Attack on Titan Explained in 10 Minutes

JOHN: Attack on Titan specifically is so stark and different looking than most other anime. The sheer violence of it kind of grabs you immediately. We were watching a couple episodes last night. Just the whole design of like the Titan itself, just this giant, skinless corpse human...

JULIE: They're super ugly.

ROBB: So fucking weird. It's just such a fucking weird show, and I love that. I used to do a lot of acid, so I was like, "Whoa, this shit is crazy." [Laughs]

JOHN: Yeah, and obviously there's American science fiction, and a great history of that, but I feel like a lot of aspects of the show... there isn't necessarily like an analogue of that. The Titans look nothing like anything I've ever seen in any other media really recently.

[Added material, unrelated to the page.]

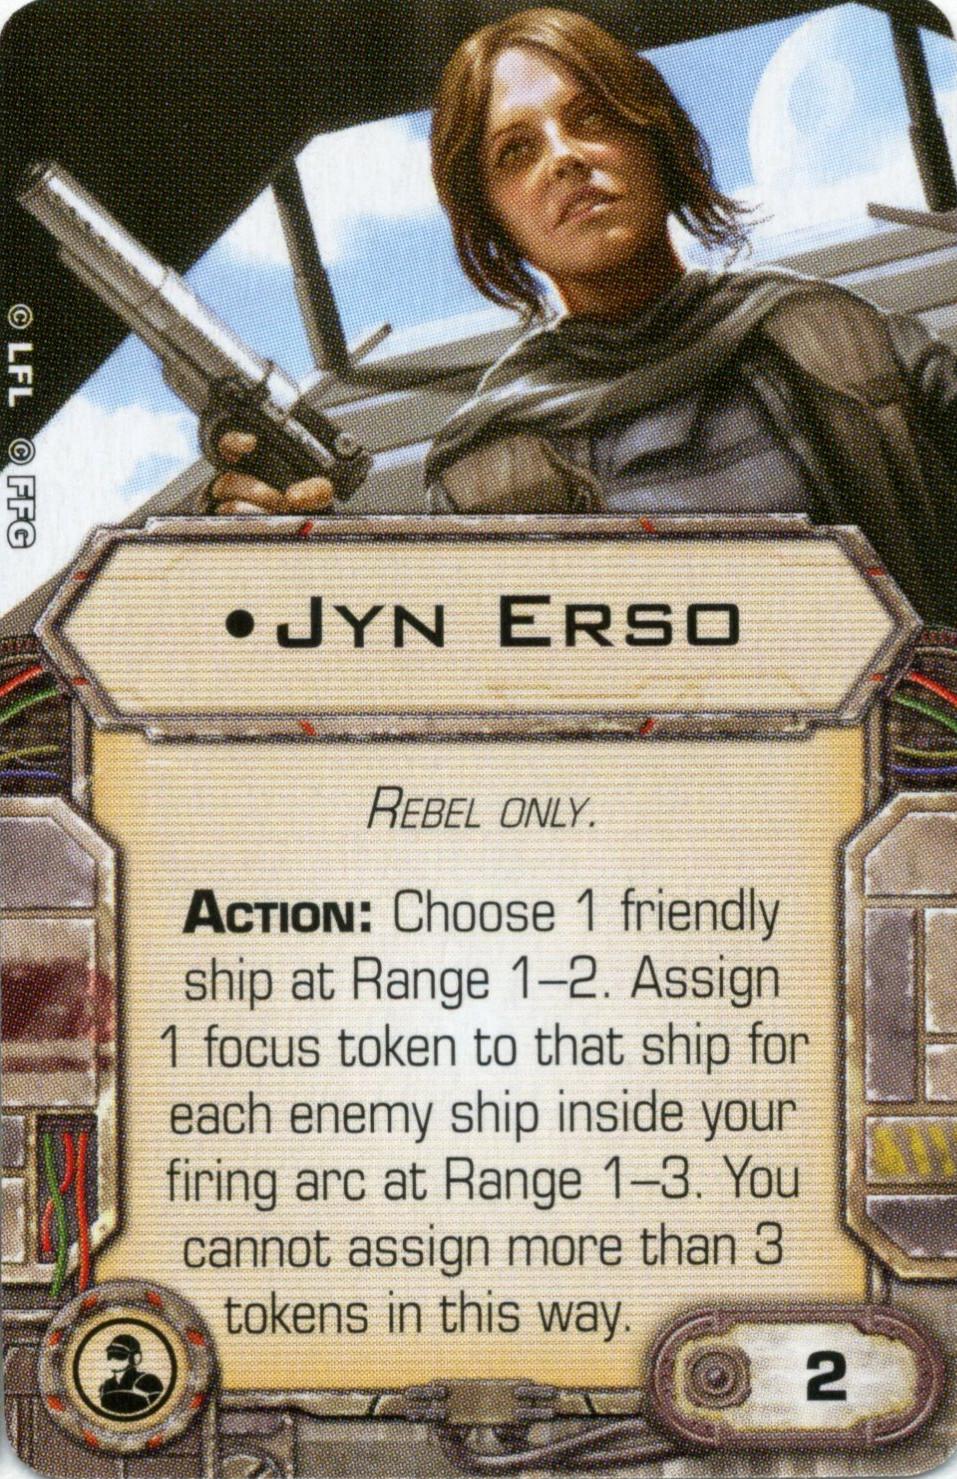 X-Wing Miniatures - Jyn Erso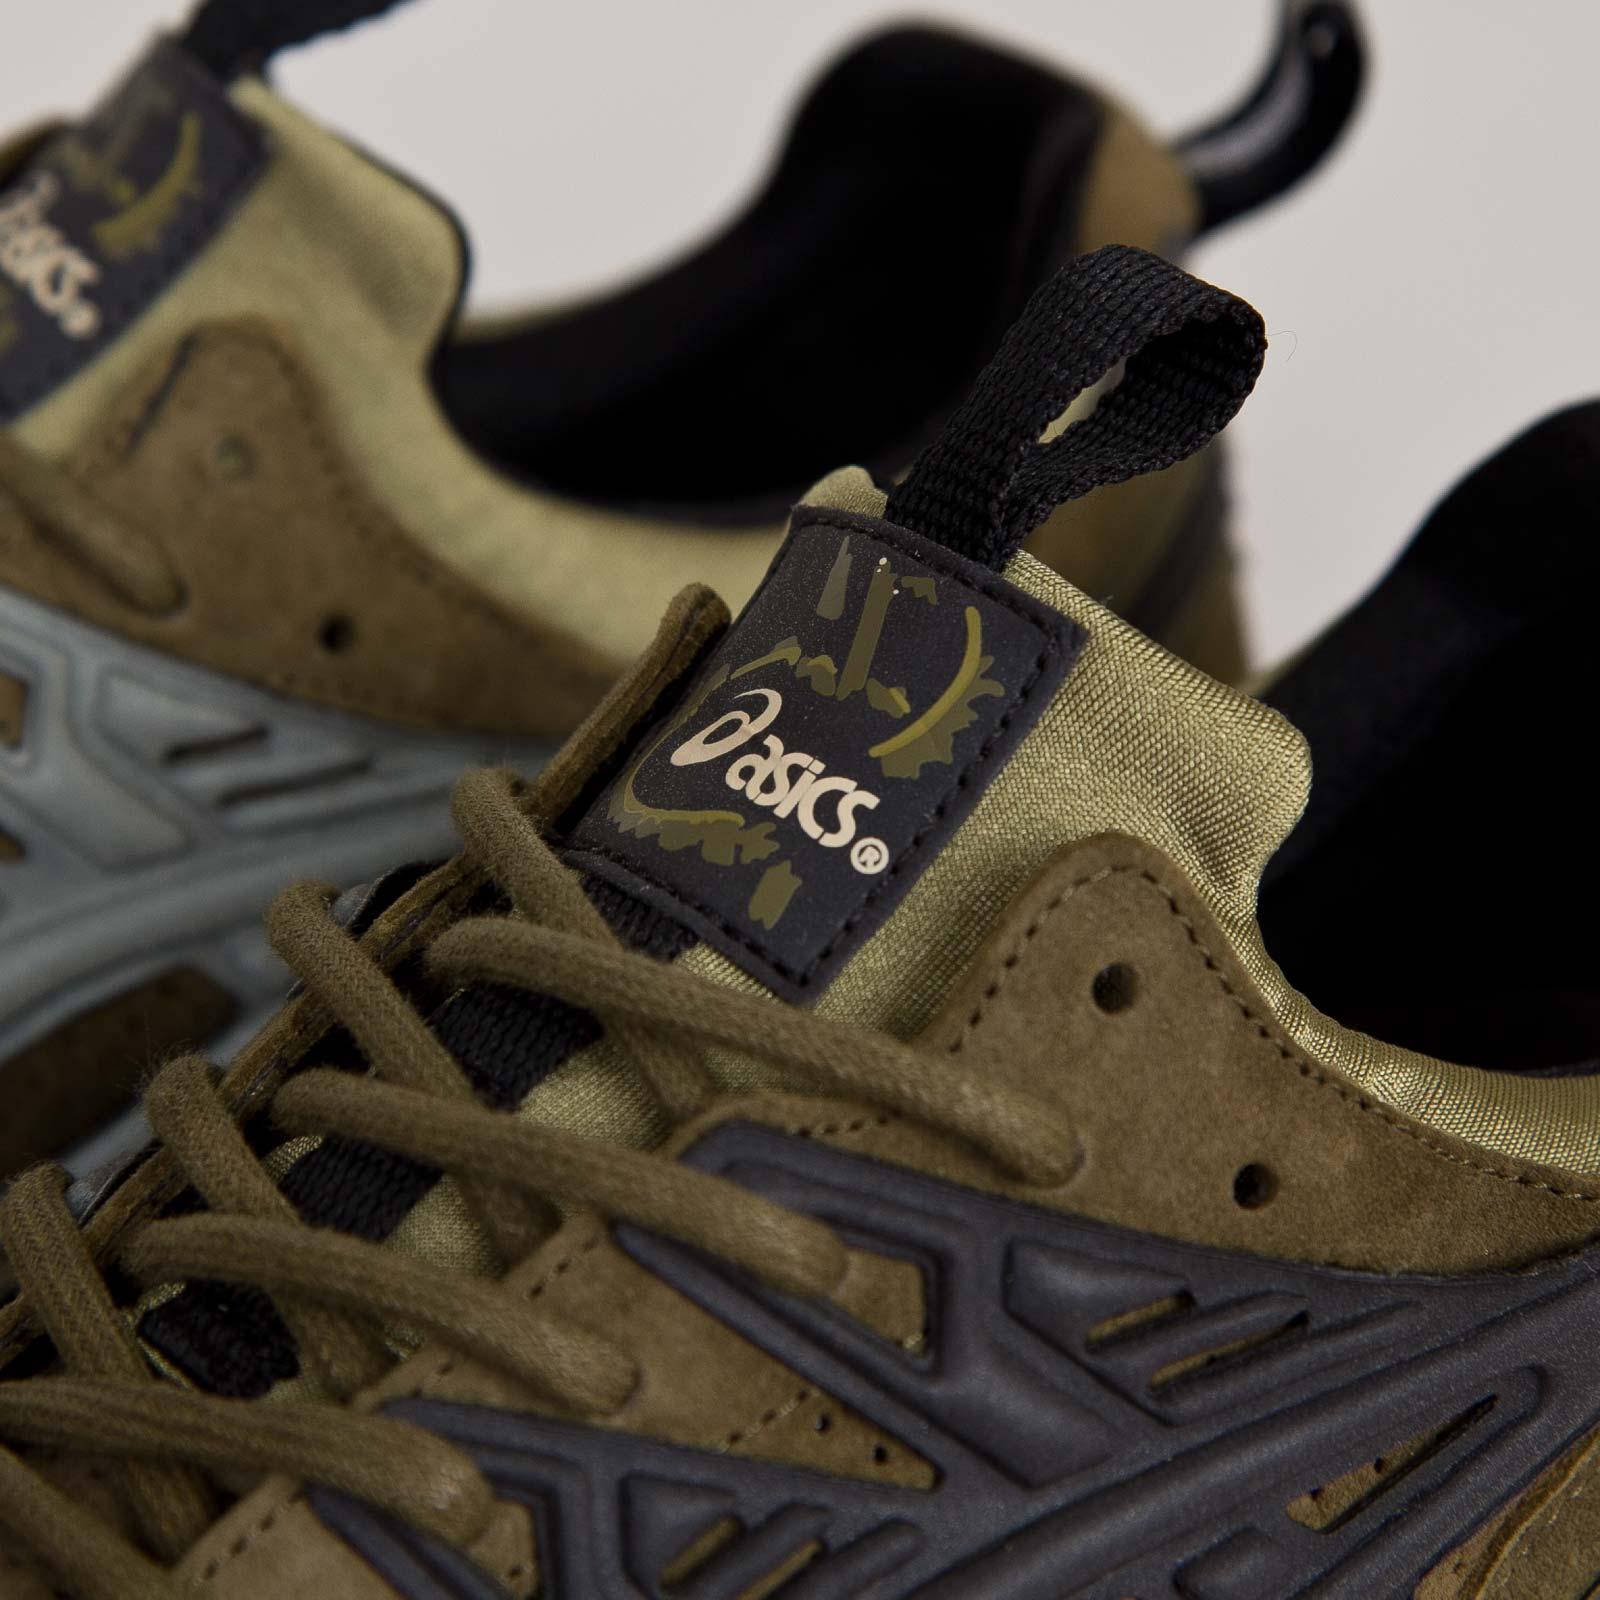 on sale 95c81 e5925 ASICS Tiger Gel-Kayano Trainer - H42uk-8690 - Sneakersnstuff ...

Then you've got this huge almost European-like city, but sort of filtered through a Japanese perspective.

ROBB: Totally. Yeah.

JULIE: I think what's true of Attack on Titan and your album is that they're both huge concepts of war and fear. How do you like tackle these giant things? A concept album like this is kind of perfect for right now, because the world is so, so fucked, right? We all want to go on a rampage.

ROBB: Absolutely. When I started telling people that I wrote a concept, and they're like [mocking tone], "Oh a concept," and I'm like, "I'm still the guy who wrote the concepts — it's not too highfalutin here." [Laughs]

Machine Head, "Choke on the Ashes of Your Hate"

Character number one is Ares, and he loses the love of his life, Amethyst, and goes on a murderous rampage against the perpetrators who murdered her. Then there's character number two who is Eros who loses his mother to a drug overdose. And in his depression, downward spiral, he becomes radicalized by this charismatic leader and goes on his own murderous rampage, and he is the perpetrator who murdered Amethyst. So it's about how their lives intertwine.

I've written nine albums through my lens, the way I see the world, how I view society and experiences that have happened to me. But now, I'm writing this story through this character's eyes, and then I've been able to step into the other character and the polar opposite — it was such a fucking trip to write like this.

Once I was able to get my head around it, it was really cool. At the same time, I couldn't just make it be a story of just me reading lines. I had to connect to it on this emotional level with the things that I've experienced in my life. It really became about murder and love.

I've never really written about love in my songs before. Machine Head is not a band that writes about love — we write about rage and death and anger and depression. Those are the the four go-to topics. To write from this place of this person who lost the love of his life was just, it was crazy. That's the thing that I ended up connecting with.